Disaster Recovery playbook

AKKO 2026.04 ships with a fully declarative backup strategy. This playbook documents the measured RTO / RPO and the exact commands to recover from each class of incident. Required by DORA Art. 11 for financial workloads.

Every number below is measured on reference hardware

Your numbers will differ. Re-run the drills below after provisioning and record the observed RTO / RPO in a signed test report annexed to this document.

Scope

Stateful component Backup mechanism Tool
PostgreSQL (Keycloak/Airflow/OM/Superset/MLflow/Polaris) Logical dump + WAL archiving pg_dumpall CronJob + Barman (optional)
PostgreSQL Data (functional) Logical dump + WAL archiving Same as above
Iceberg tables (object storage warehouse) Object replication + Iceberg snapshots Velero + S3 bucket replication
object storage object data Bucket replication or S3 mirror mc mirror / Velero
Keycloak realm + users JSON export + DB dump Admin API + pg_dump
Trino catalogs (dynamic) ConfigMap snapshot Helm release + Catalog Manager OPA CM
ADEN query cache + receipts PostgreSQL dump Same as PostgreSQL above
Prometheus / VictoriaMetrics TSDB Volume snapshot Velero CSI snapshot
logs layer audit data S3 Object Lock cold storage logs layer native (configured)
Helm state (releases) etcd (via Velero) Velero namespace-scoped backup

Targets

Class RTO target RPO target Scenario
Critical data 2 h 1 h PostgreSQL Data / Iceberg warehouse corruption
Control plane 4 h 4 h Keycloak / OPA / catalog-manager outage
Observability 12 h 24 h VictoriaMetrics / logs layer pod crash
Full cluster rebuild 24 h 4 h Entire K8s cluster lost

Backup schedule

All CronJobs live in the akko namespace and are driven by the chart:

Job Schedule Retention
akko-pg-backup (infra) 0 */4 * * * 14 d local, 90 d cold (S3)
akko-pg-data-backup (functional) 0 */2 * * * 14 d local, 180 d cold
akko-minio-replicate continuous 365 d WORM
akko-keycloak-realm-export 0 3 * * * 30 d
akko-velero-ns-akko 0 1 * * * 30 d

Drill 1 — Restore a single PostgreSQL database

Scenario : someone dropped a table in superset_metadata.

# 1. Stop the consumer
kubectl -n akko scale deploy akko-superset --replicas=0

# 2. Pull the most recent dump from S3 cold storage
aws s3 cp \
  s3://akko-backups/pg/superset_metadata_$(date +%Y%m%d)*.sql.gz \
  /tmp/restore.sql.gz

# 3. Recreate DB + import
kubectl -n akko exec -it akko-postgresql-0 -- \
  psql -U postgres -c "DROP DATABASE superset_metadata; CREATE DATABASE superset_metadata;"
zcat /tmp/restore.sql.gz | kubectl -n akko exec -i akko-postgresql-0 -- \
  psql -U postgres superset_metadata

# 4. Restart consumer
kubectl -n akko scale deploy akko-superset --replicas=1

Measured RTO : ~20 min on reference hardware.
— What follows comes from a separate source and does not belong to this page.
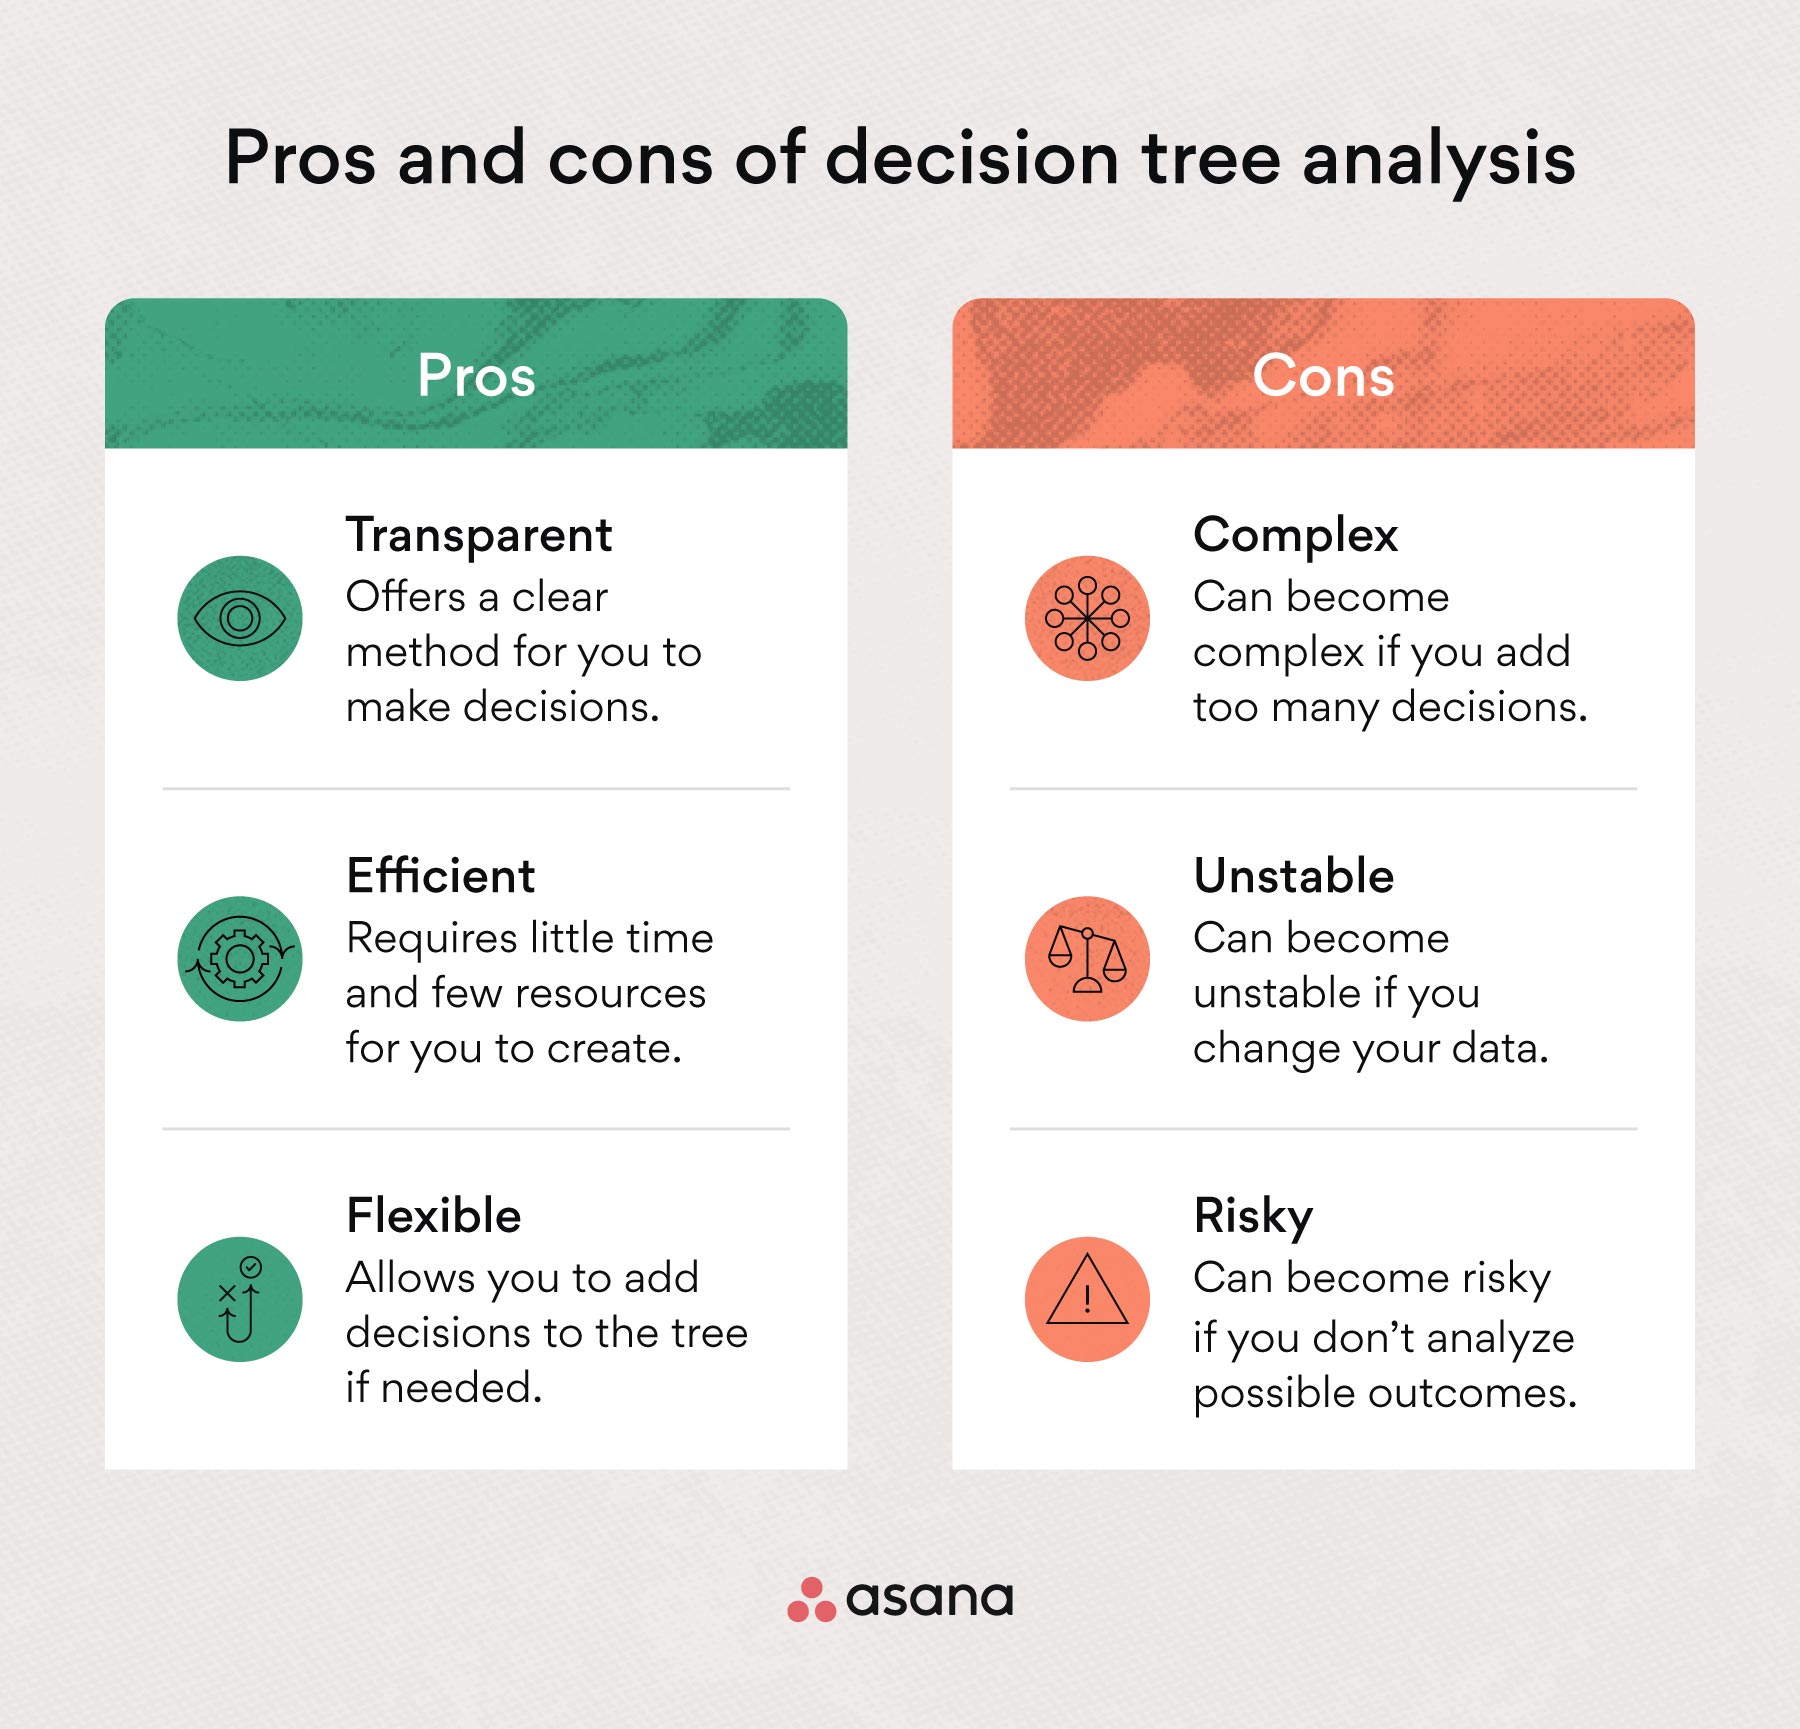 pros and cons of decision tree analysis

Record your number here: ____

Drill 2 — Restore the entire cluster

Scenario : K8s cluster lost (cloud provider region down).

# 1. Provision a new cluster using the target cloud overlay
bash helm/scripts/k3d-create.sh   # or EKS / AKS / GKE / OpenShift

# 2. Install AKKO from Harbor
AKKO_DOMAIN=akko.customer.example AKKO_VERSION=2026.04 \
  bash helm/scripts/deploy-from-harbor.sh

# 3. Restore Velero backup (includes namespace resources + PV snapshots)
velero restore create --from-backup akko-$(date -u +%Y%m%d) --include-namespaces akko

# 4. Replay PostgreSQL latest dumps (step 2 of Drill 1 for each DB)

# 5. Re-point DNS to the new LoadBalancer address

# 6. Validate
bash tests/post-deploy/run-all.sh

Measured RTO : ~4 h. Record your number here: ____

Drill 3 — Ransomware / compromise

Scenario : attacker obtained akko-admin Keycloak credentials and deleted tables.

  1. Contain — suspend the compromised identity in Keycloak and rotate its credentials via scripts/rotate-secrets.sh.
  2. Preserve evidencekubectl cp logs layer + audit receipts to an offline machine for forensic analysis.
  3. Identify — query logs layer for the attacker's user field:
audit_type:* AND user:"compromised-user" AND _time:[72h ago, now]
  1. Eradicate — drop the attacker's K8s ServiceAccounts and Secrets.
  2. Recover — replay Drill 1 / 2 depending on damage scope. WORM S3 Object Lock prevents the attacker from tampering with the audit trail (COMPLIANCE mode, 365 d).
  3. Lessons learned — file an ADR + update this playbook.

Verification commands

# Check backup CronJobs are green
kubectl -n akko get cronjobs -o custom-columns=NAME:.metadata.name,LASTRUN:.status.lastSuccessfulTime

# Check most recent PG dump is < 4 h old
kubectl -n akko exec svc/akko-postgresql -- \
  ls -l /backups/ | head

# Check Velero has a recent successful backup
velero backup get | head -5

# Check audit trail immutability (WORM)
aws s3api get-object-lock-configuration --bucket akko-audit-cold

Quarterly drill checklist

  • [ ] Run Drill 1 on superset_metadata and record RTO
  • [ ] Run Drill 2 on a scratch cluster and record RTO
  • [ ] Run Drill 3 tabletop exercise with ops + security
  • [ ] Review this playbook, update measured numbers
  • [ ] Sign-off by compliance officer

Roadmap

  • Automated restore-test CronJob (Sprint 44) that spins up a scratch PG, restores the previous night's dump, and reports the time to Prometheus → akko_dr_restore_duration_seconds.
  • Multi-region Iceberg replication via Polaris (Sprint 46 backlog).